Pada jaman Islam muncul pula tradisi baru yakni berkembangnya riwayat perjuangan kaum muslimin dalam menyebarkan dakwah Islam dan peperangan-peperangan yang dilakukan melawan kaum kafir yang berusaha menghalangi  dakwah Islam. Tetapi semua riwayat itu belum disampakaikan secara tertulis, dan umat Islam harus bersabar sampai pada masa Khalifah Bani Umayah, Umar bin Abdul Azis (717 – 720 M).

Ketika  Al Qur’an turun, Nabi saw mulai memerintahkan para sahabatnya untuk menulisnya.  Nabi saw mulai mengenalkan budaya literasi terhadap kita suci Al Qur’an. Selain dihafal, Al Qur’an juga sudah ditulis pada masa Nabi saw. Dengan demikian, Al Qur’an merupakan satu-satunya kitab suci di dunia yang paling otentik, karena Al Qur’an ditulis pada masa Sang Penerima Risalah masih hidup. Bahkan Nabi saw sendirilah, dengan bimbingan malaikat Jibril yang langsung menyusun sistimatika Al Qur’an ke dalam 114 surat dan 30 juz. Tetapi Nabi saw melarang para sahabatnya menuliskan hadist dan kisah-kisah perjuangan kaum muslimin dengan maksud agar tidak tercampur dengan kitab suci Al Qur’an karena masih ada wahyu-wahyu dari Allah swt yang masih terus diturunkan kepada Nabi saw.

Ketika Muawiyah (602 – 680 M) memegang jabatan Khalifah, mulai terasa kebutuhannya untuk menuliskan sejarah Islam, sebab Islam sudah mulai tersebar ke luar jazirah Arabia.

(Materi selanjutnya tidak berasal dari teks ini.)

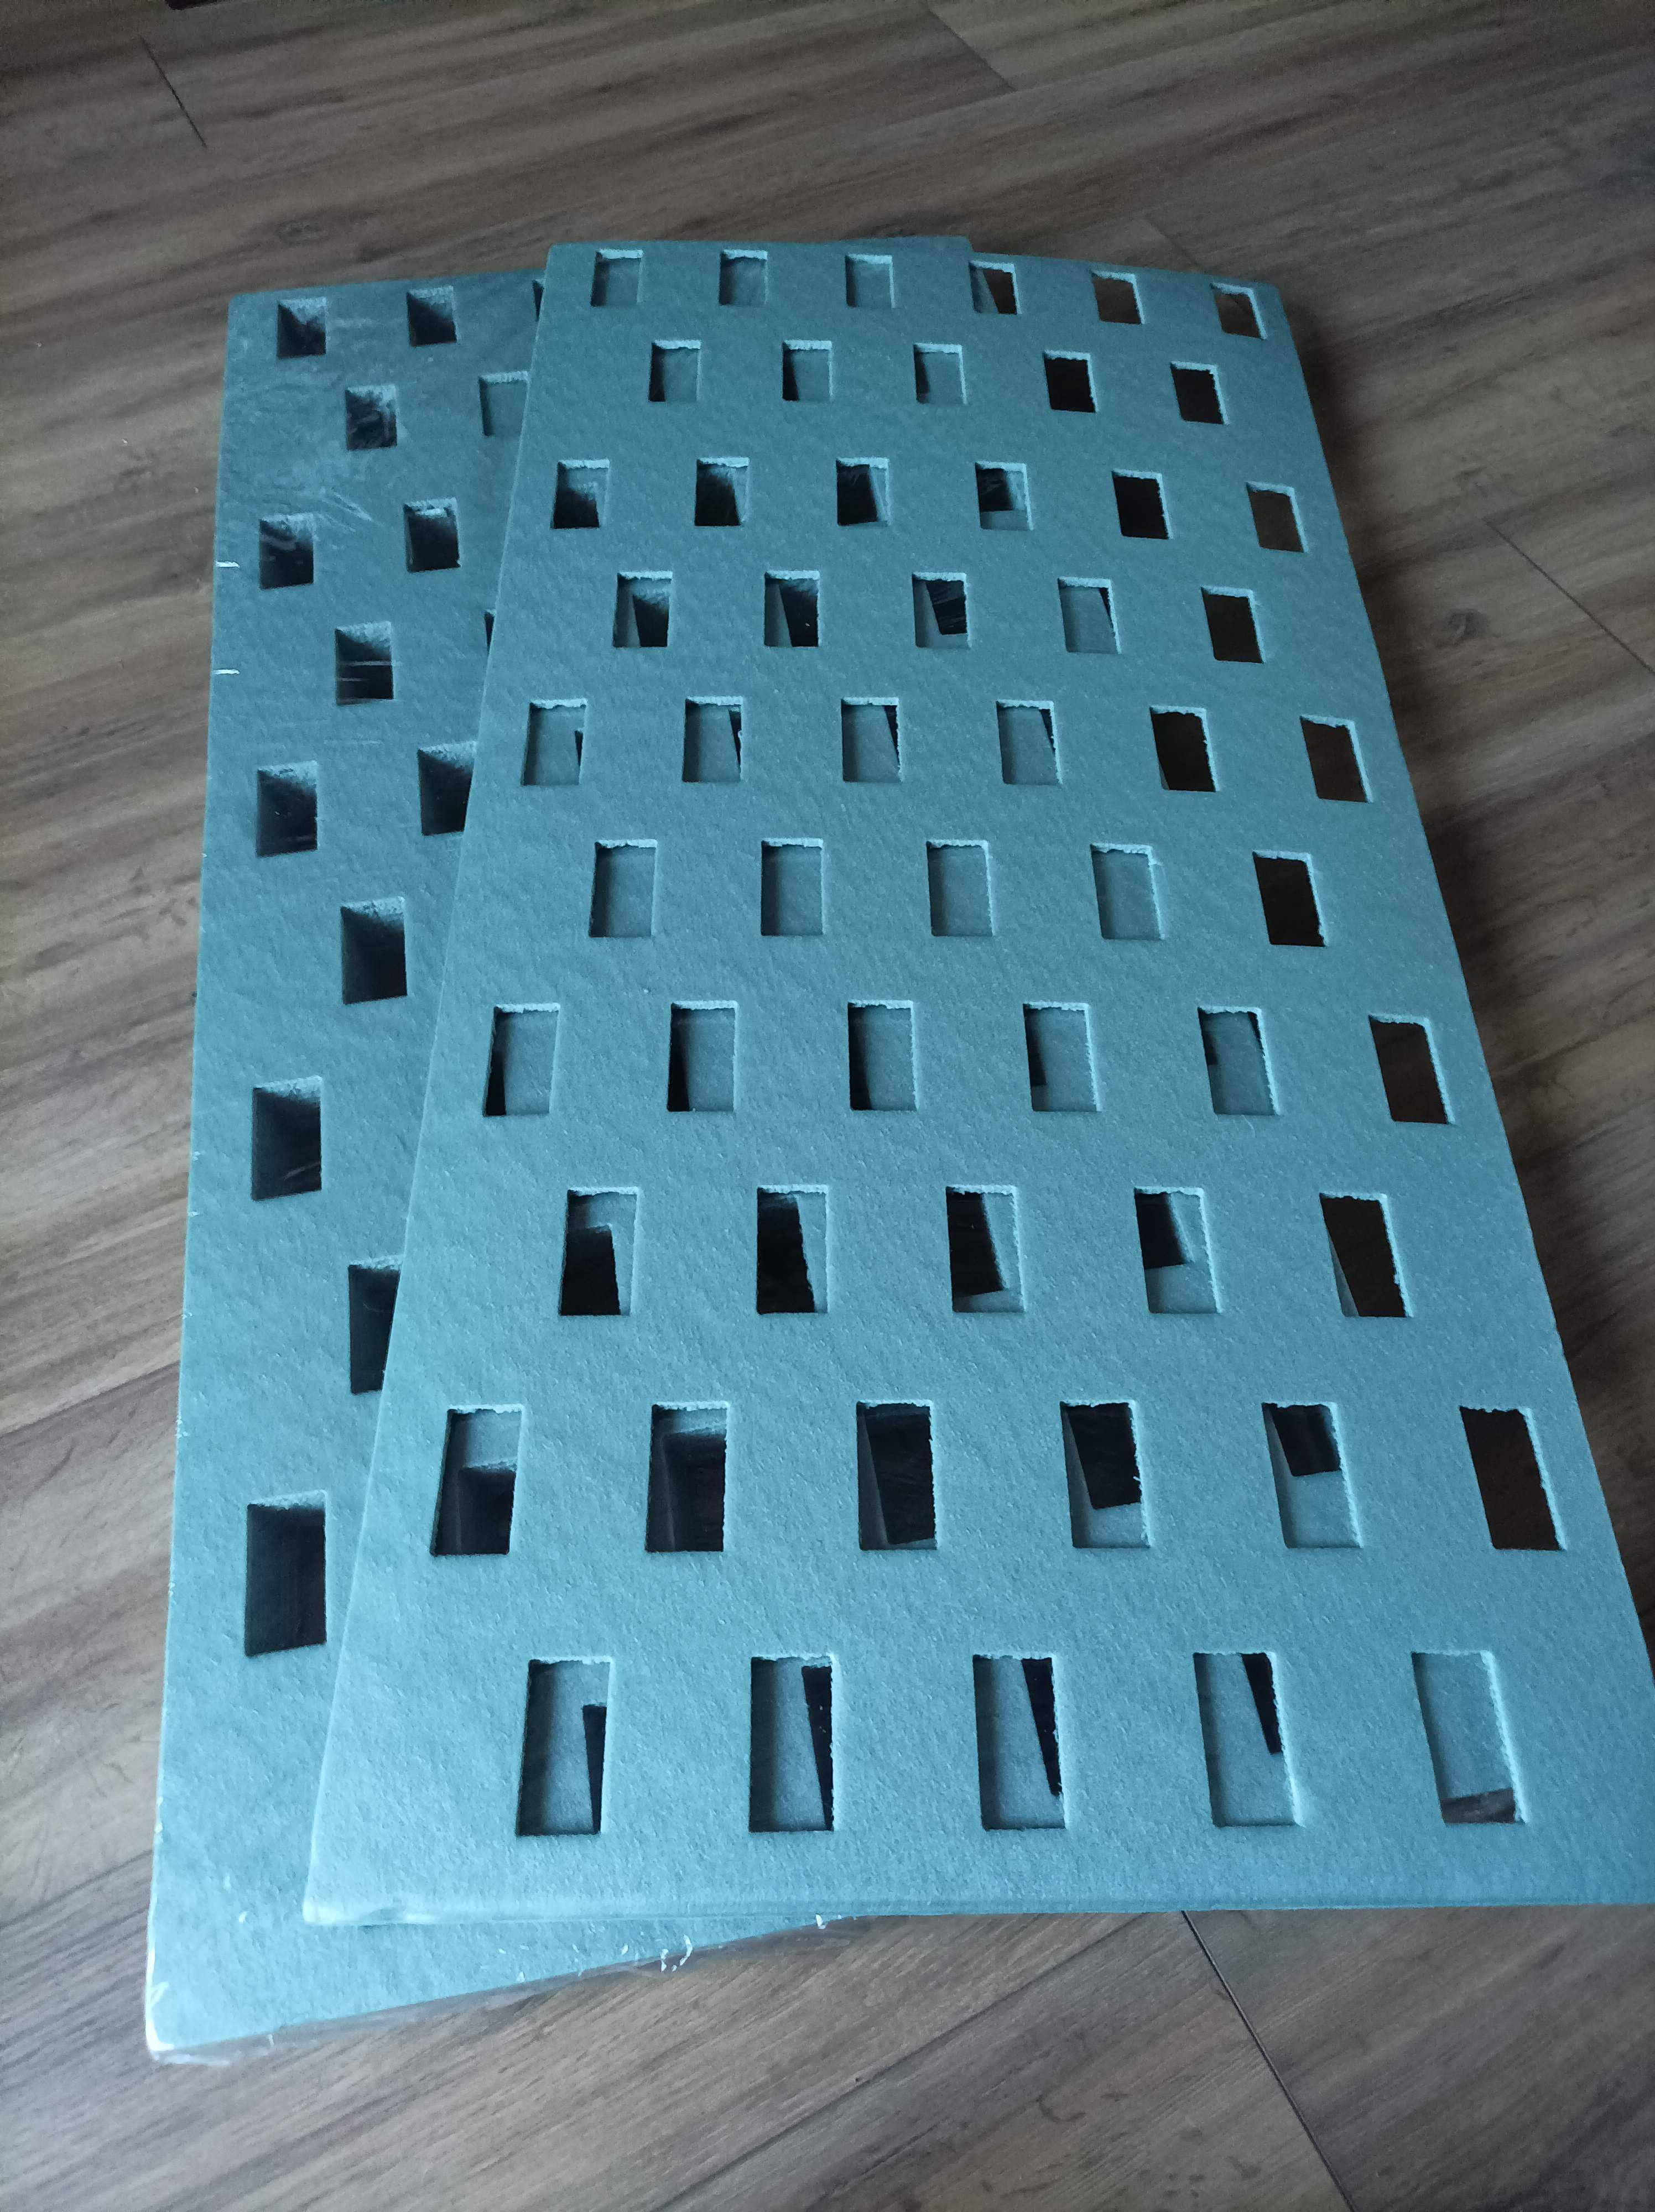 Podkład pod panele - ogrzewanie podłogowe - 5mm  50x100cm - 5,5m2

Saat itu kitab suci Al Qur’an sudah dibukukan dan dibakukan, sehingga Kitab Suci Al Qur’an yang ada di tangan kaum muslimin di manapun mereka berada semuanya sama. Muawiyah mengundang orang Yaman yang bermukim di Shan’a, Abid bin Syariyyah Al Jurhumi dan memintanya agar menuliskan nama raja-raja di Yaman dan Jazirah Arab, serta peristiwa penting di masa lalu. Langkah Muawiyah ternyata telah memotivasi lahirnya cendekiawan muslim yang bergairah untuk menulis masalah-keislaman, tetapi masih terbatas para sekitar perjuangan Rasulullah.  Sebab pada saat itu masih berlaku larangan untuk menuliskan kitab hadist dan kitab apa pun yang ada kaitannya dengan kehidupan pribadi dan rumah tangga Rasulullah. Tetapi dampak dari larangan itu justru muncul banyak hadist palsu dan riwayat Nabi saw yang bersifat fiktif, berdasarkan khayalan penyusun riwayat, agar riwayat Nabi saw menjadi menarik. Yang banyak diriwayatkan adalah sejumlah mukjizad Nabi saw.Muncul pula kisah-kisah Israiliyah yang disusupkan orang-orang Yahudi, untuk melemahkan kepercayaan kaum muslimin.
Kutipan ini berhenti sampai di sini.